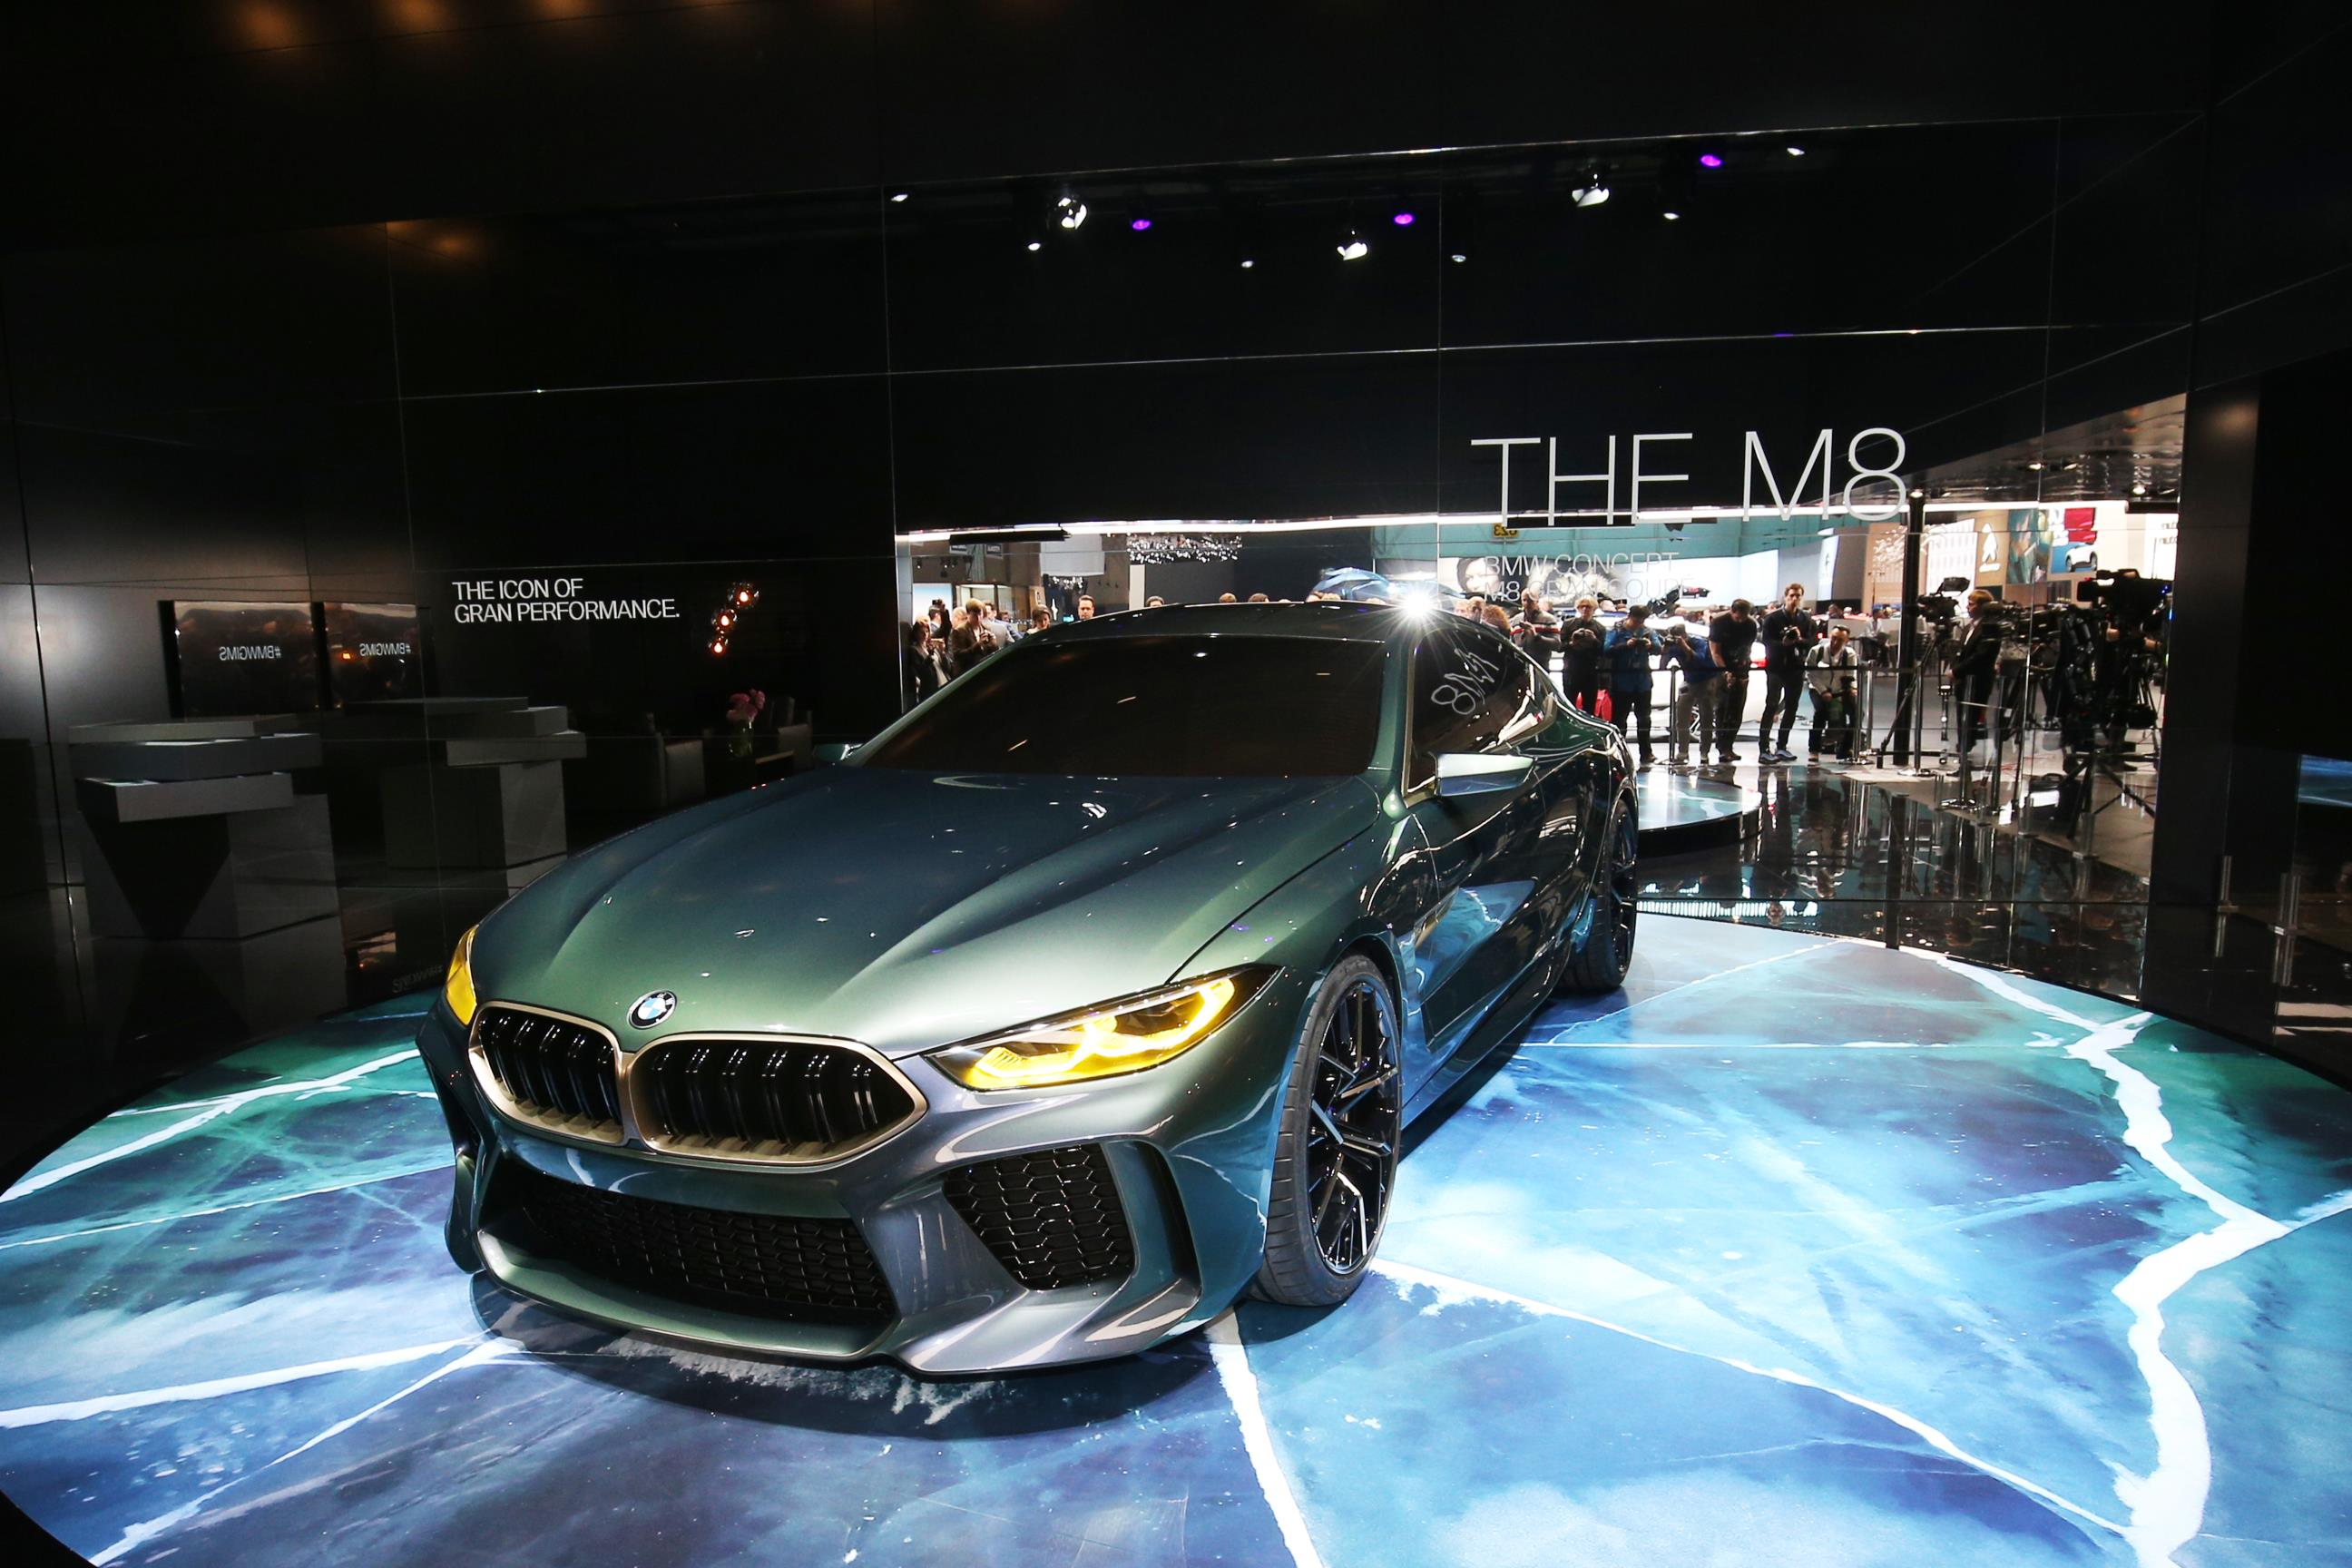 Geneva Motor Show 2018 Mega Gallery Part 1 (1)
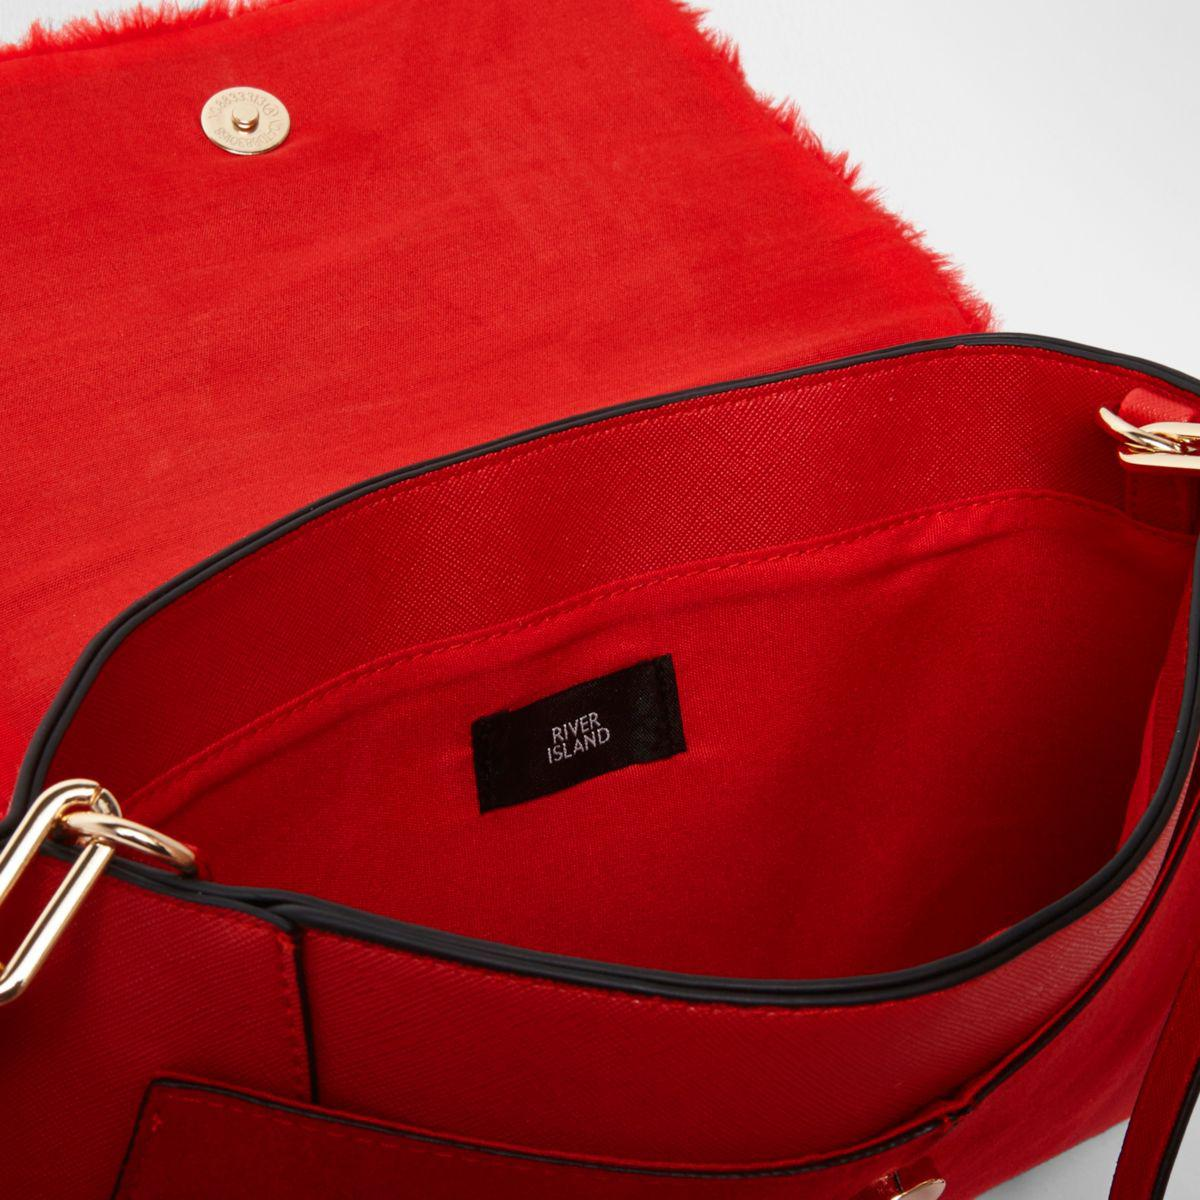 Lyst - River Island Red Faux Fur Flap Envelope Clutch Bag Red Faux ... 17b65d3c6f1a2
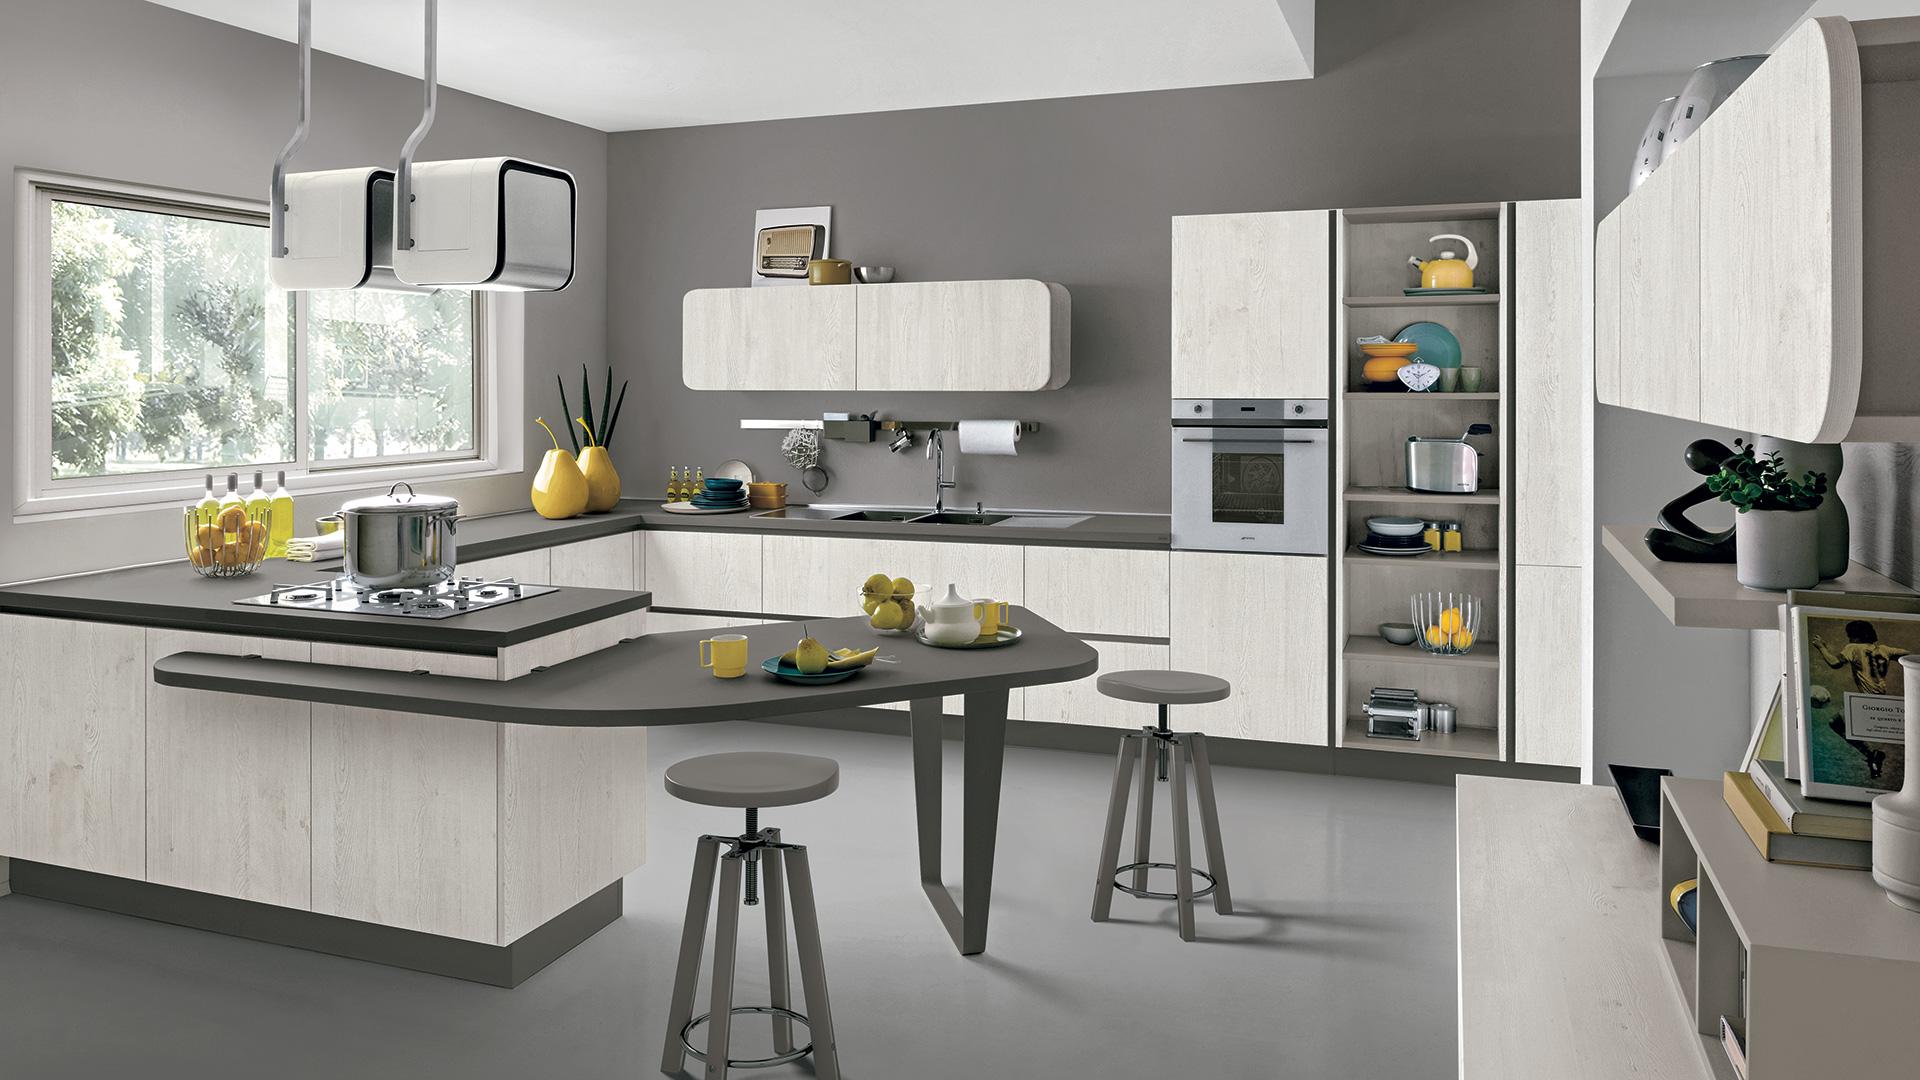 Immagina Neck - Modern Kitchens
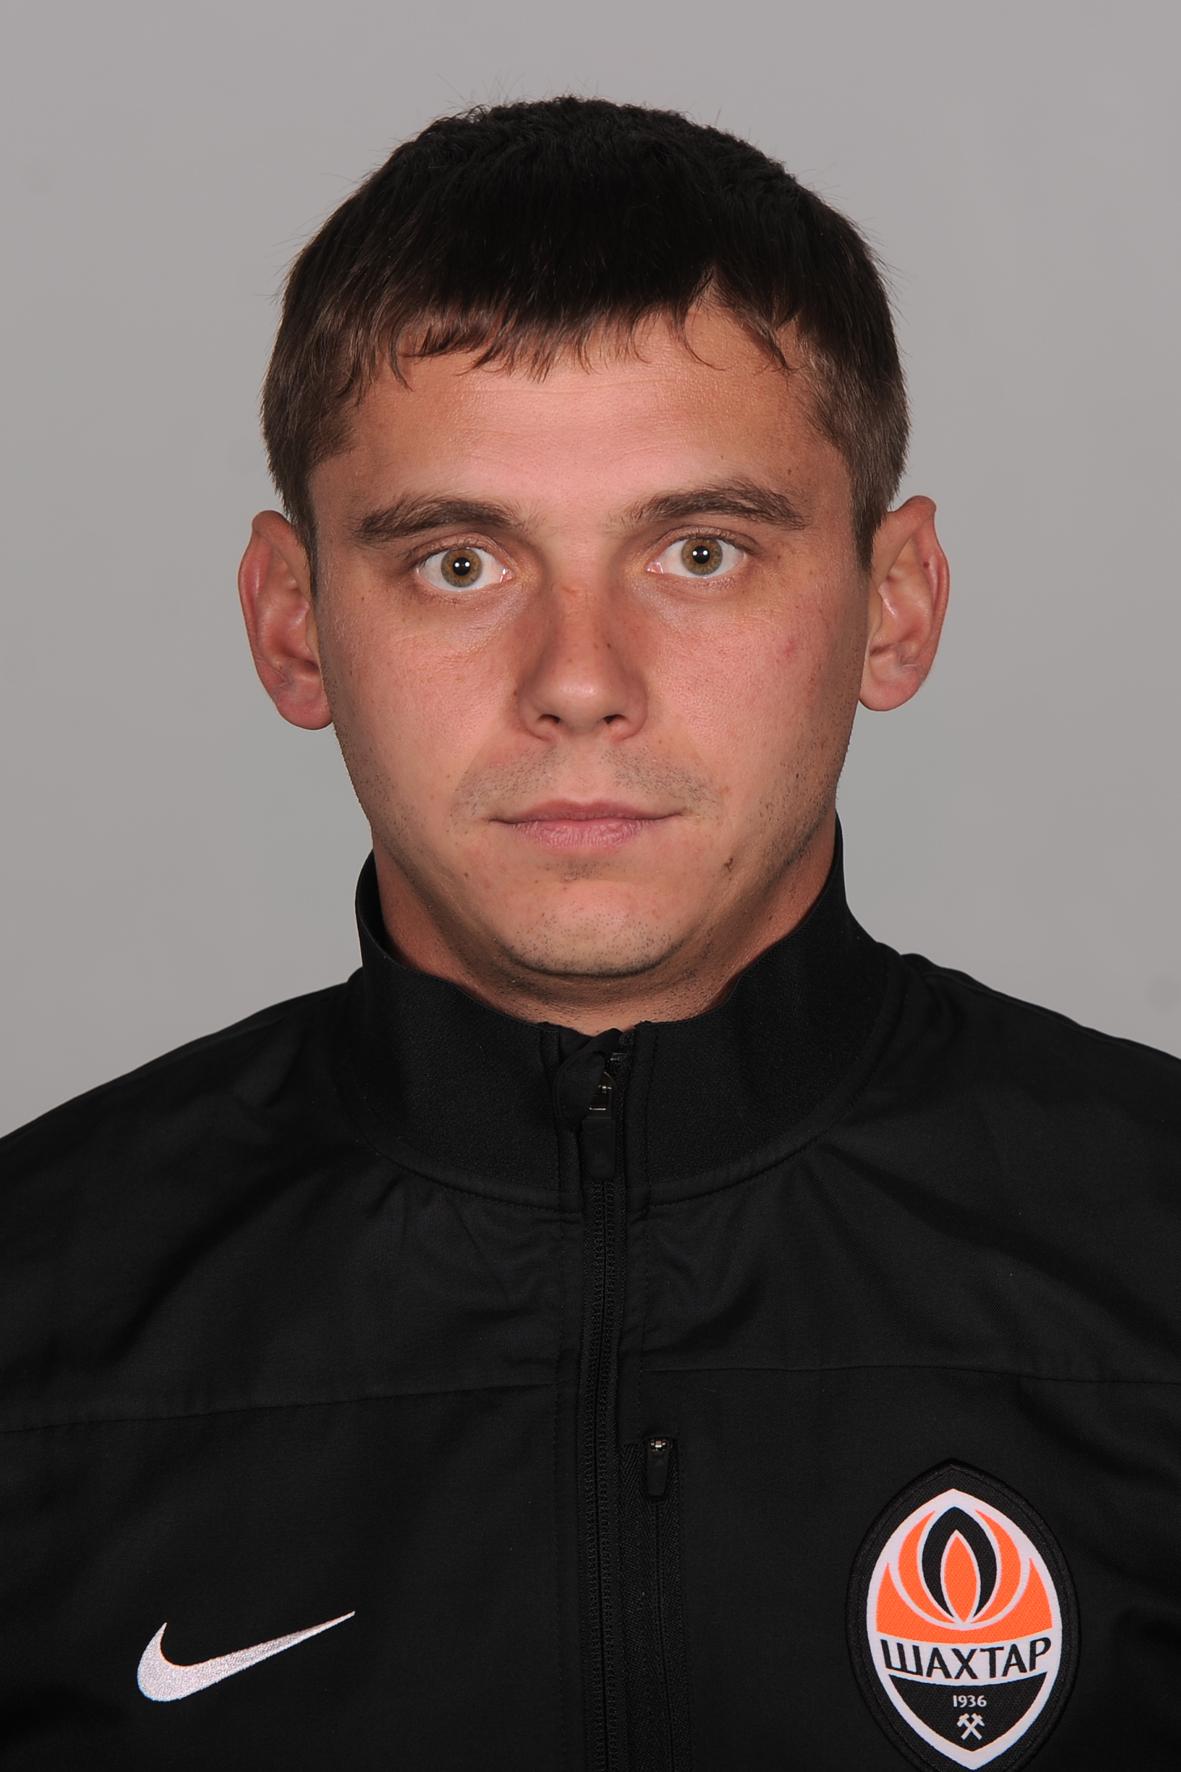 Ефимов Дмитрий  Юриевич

══════

What you give back must be the data above, reproduced exactly and free of pictures.

OUTPUT OF THE TASK:
 Geneva Motor Show 2018 Mega Gallery Part 1 (1)
 Lyst - River Island Red Faux Fur Flap Envelope Clutch Bag Red Faux ... 17b65d3c6f1a2
 Immagina Neck - Modern Kitchens
 Ефимов Дмитрий  Юриевич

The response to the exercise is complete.